Gogglebox

14/05/2024

É daquelas pessoas que fala com a televisão? Comenta ou responde ao que está a ver? Ou dos que fica irritado quando alguém faz perguntas ou comentários? Lembra-se de um anúncio em que se filmava uma audiência numa sala de cinema e as reações das pessoas ao que estava a passar-se no ecrã? Estas são as premissas de Gogglebox. Uma série fabulosa do Channel 4, no ar desde 2013, que já vai em 23 temporadas, premiada com um BAFTA, entre outras nomeações.

Ver pessoas a ver televisão.

Dito assim parece a coisa mais entediante de sempre. O público britânico parece ter achado o mesmo, antes da estreia. Mas acabou por render-se a uma ideia genial, que proporciona momentos tão hilariantes quanto comoventes.

Casais, amigos ou irmãos, em dupla ou tripla, famílias, de todos os extratos sociais e idades, e de todas as partes do Reino Unido. Alguns dos sotaques são tão cerrados, mesmo em Inglaterra, que mal consigo perceber o que dizem.

Mas isso é o menos relevante.

Uma câmara fixa, de frente para quem está a ver. Outra a apontar para a TV que, ocasionalmente, filma o que está a ser transmitido. Só. Em qualquer canal, inclusive plataformas de streaming. E o máximo que faz é planos aproximados da cara de alguém em específico. A primeira câmara vai filmando as reações a notícias, documentários, concursos, de todo o tipo, filmes e séries, em tempo real. Programas de TV generalista, que jamais veria, outros que conheço bem, tipo Downton Abbey, The Undoing ou The Crown, por exemplo.

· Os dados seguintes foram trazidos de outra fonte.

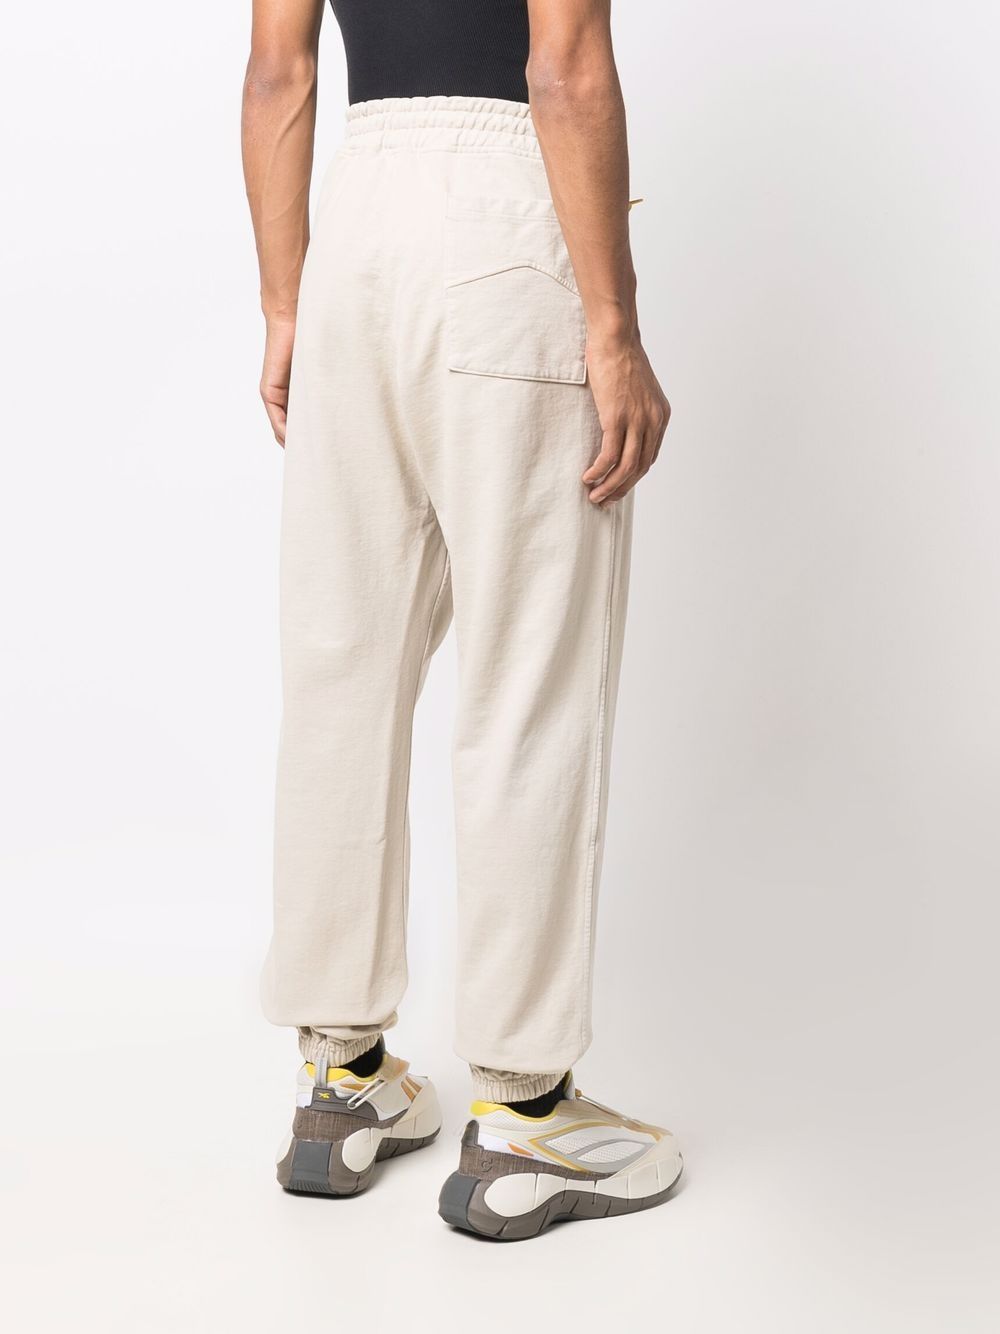 фото Rhude домашние брюки с вышитым логотипом
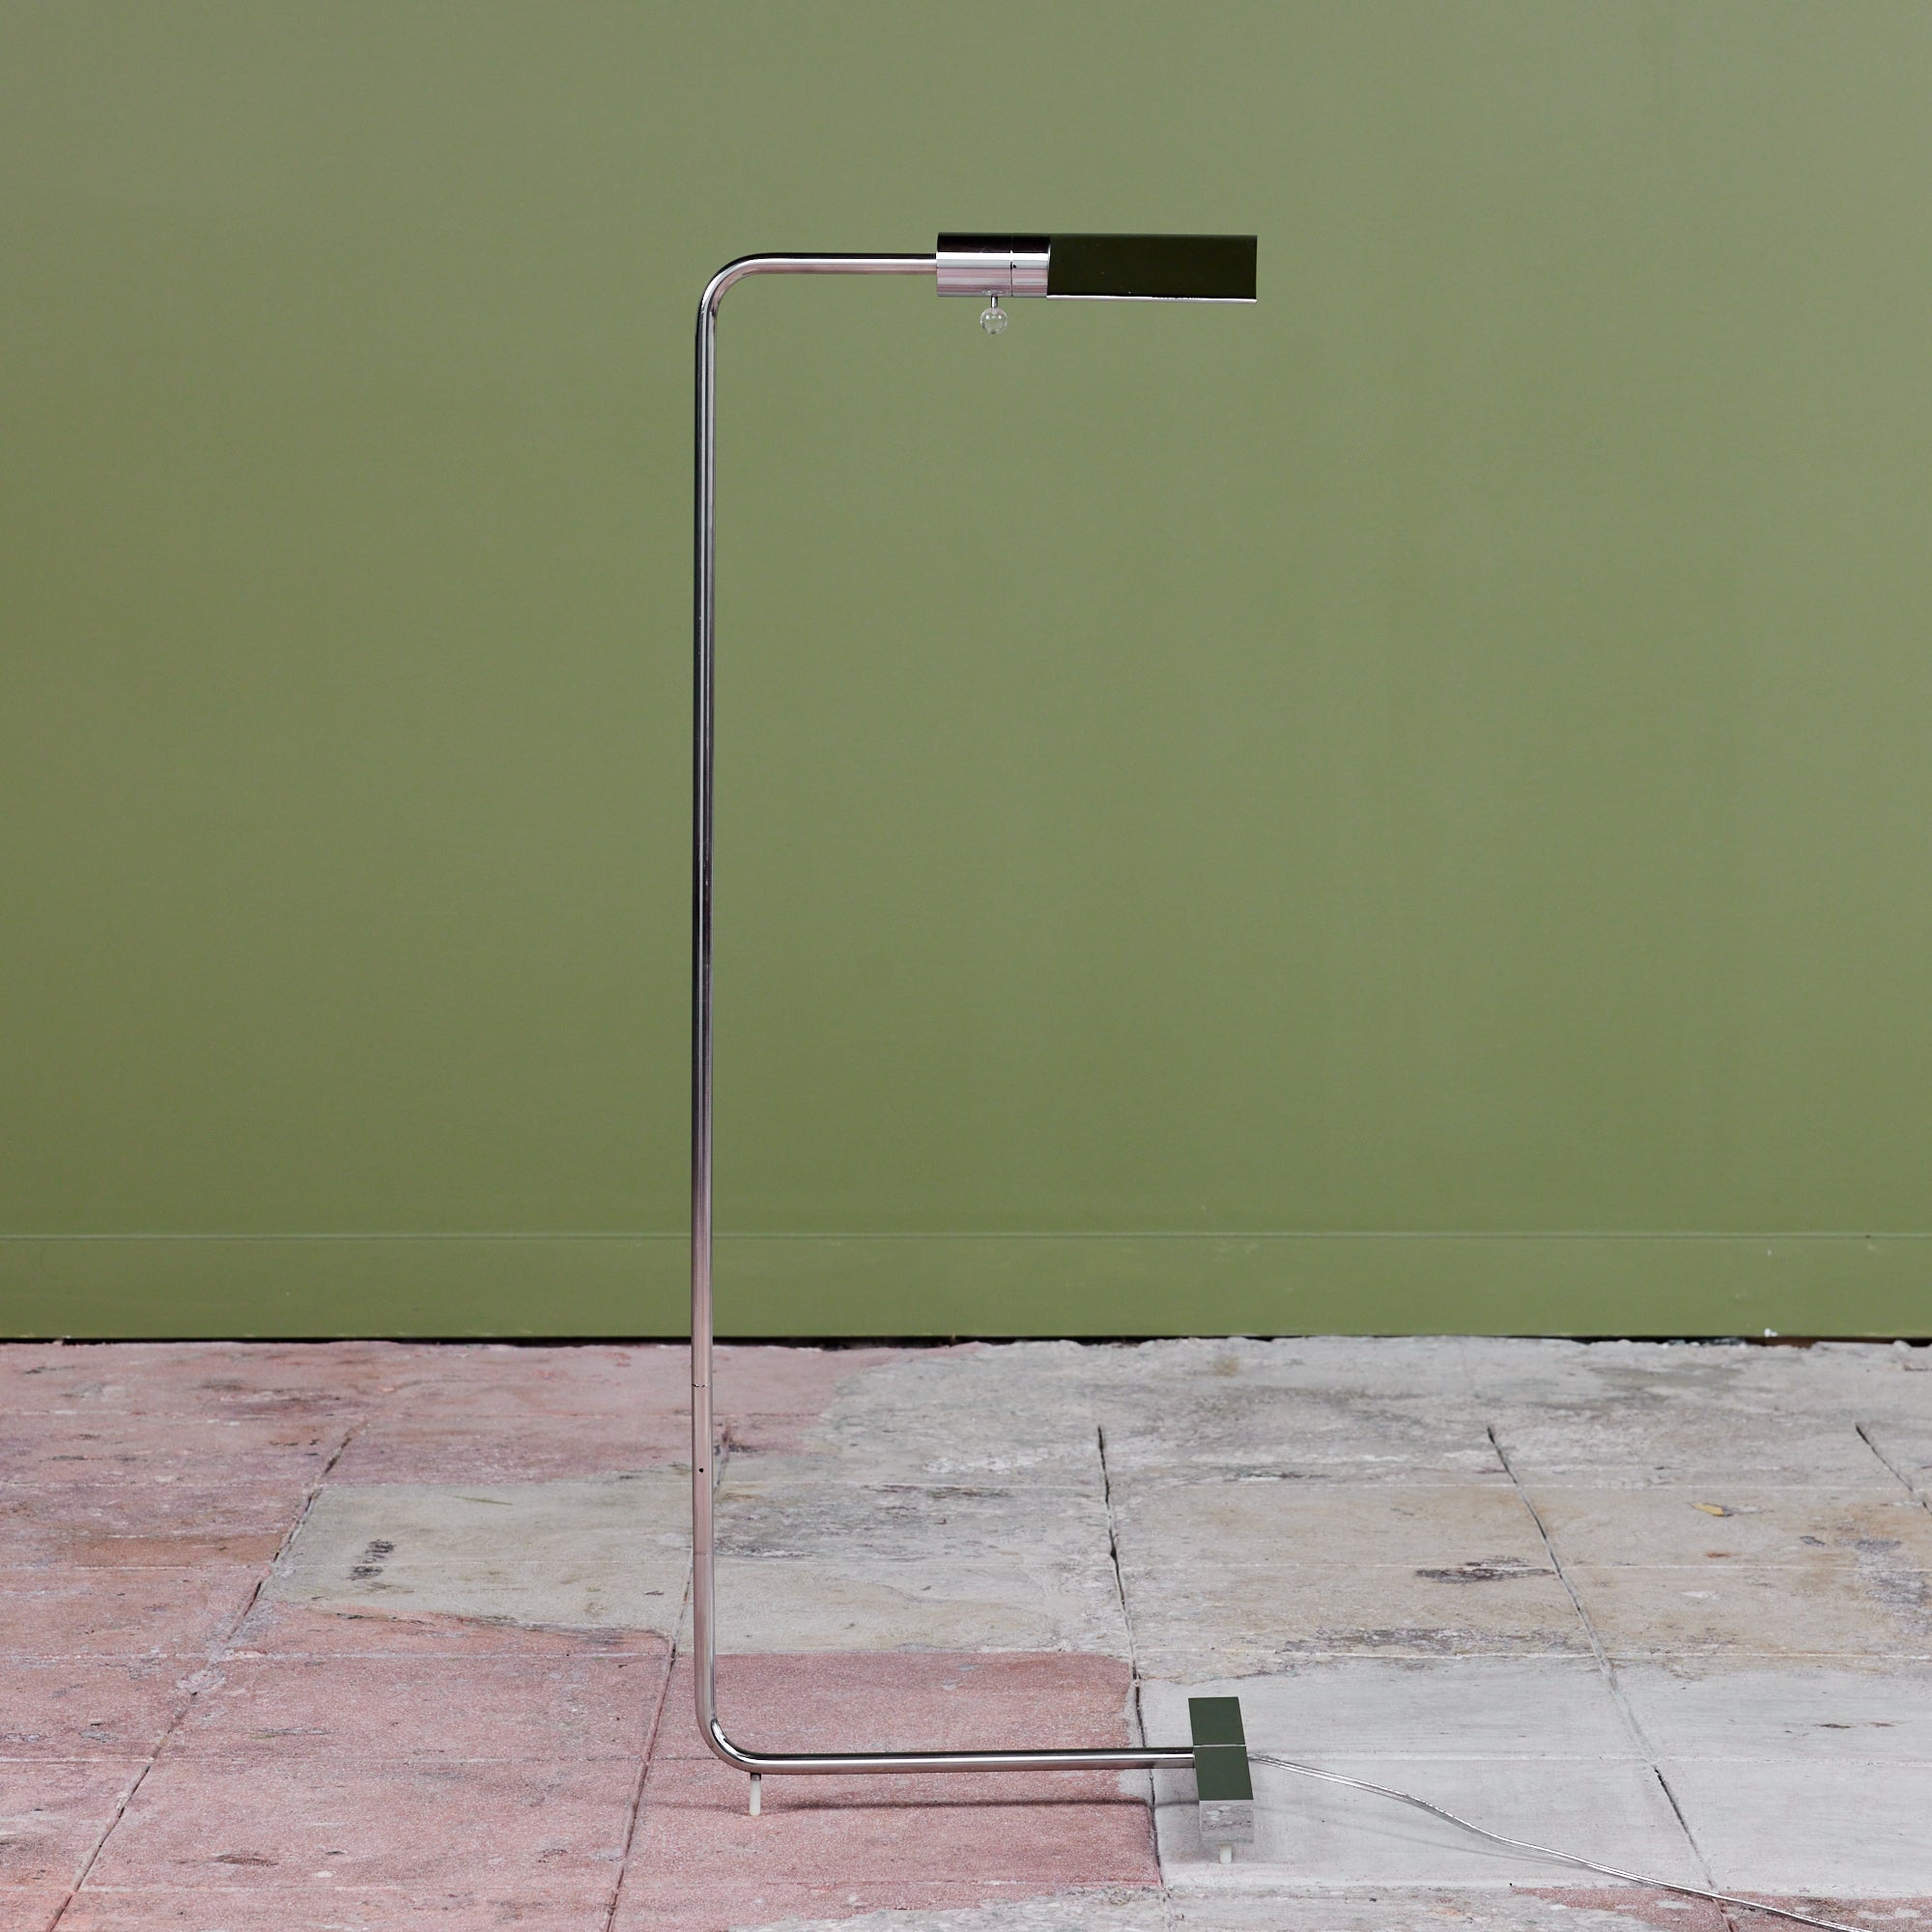 Cedric Hartman Stainless Steel Floor Lamp

Sem fórmula, guião ou qualquer tipo de indicação. A única condição que parece haver é: sem a presença de telemóveis, como me parece óbvio.

O que implica que deve dar uma trabalheira a editar.

Nunca são os mesmos, porque as pessoas não veem todas a mesma coisa. Mas várias casas veem o mesmo programa, em direto.

Tornou-se tão popular que pessoas conhecidas do mundo da música e da representação aceitaram participar, como Jamie Dornan e Boy George, por exemplo.

Alguns dos “personagens” podem ver-se em diversas temporadas, outros vão desaparecendo.

Acompanhamos momentos especiais das suas vidas como nascimentos e aniversários, sem a eles assistirmos. Pequenas provocações, e discussões, desabafos de todos os dias. Sem pretensões, pequenos momentos de intimidade familiar, dentro dos limites do aceitável. Sempre com muita graça e muito sentido de humor.

Não podia ser mais espontâneo e genuíno.

Vemo-los a torcer pelos participantes em concursos, a chorar quando se comovem, assustados em filmes de terror, um dos meus momentos preferidos, a gozar, a dizer piadas a reclamar e a resmungar. A imitar, a dançar e a cantar, com base no que estão a ver, o mais hilariante. E a reagir e responder a todo o tipo de perguntas, notícias e comentários.

Acolher a vulnerabilidade em vez de nos envergonharmos dela.

Cada coisa que se passa na TV e gera uma reação, a realização mostra as reações das várias casas. Numa edição primorosa.

E para quem gosta de observar o comportamento humano, as dinâmicas, as diferenças entre homens e mulheres, introvertidos e extrovertidos, pensamento e sentimento, ao que cada um presta atenção ou lhe toca mais,é um deleite.

Por outro lado, a agenda está em todo o lado, engraçado de ver o quão rápido a introduziram, quando comparamos as primeiras temporadas com as últimas. E o nível de decadência das televisões públicas e privadas, a pretexto do entretenimento, a chegar a níveis estratosféricos. Nunca o predictive programming foi tão evidente. Só com Gogglebox se aguenta. As reações à vergonha alheia ou ao que os companheiros de casa dizem ou fazem são o melhor.

Gogglebox tem me feito rir mais do que qualquer stand up.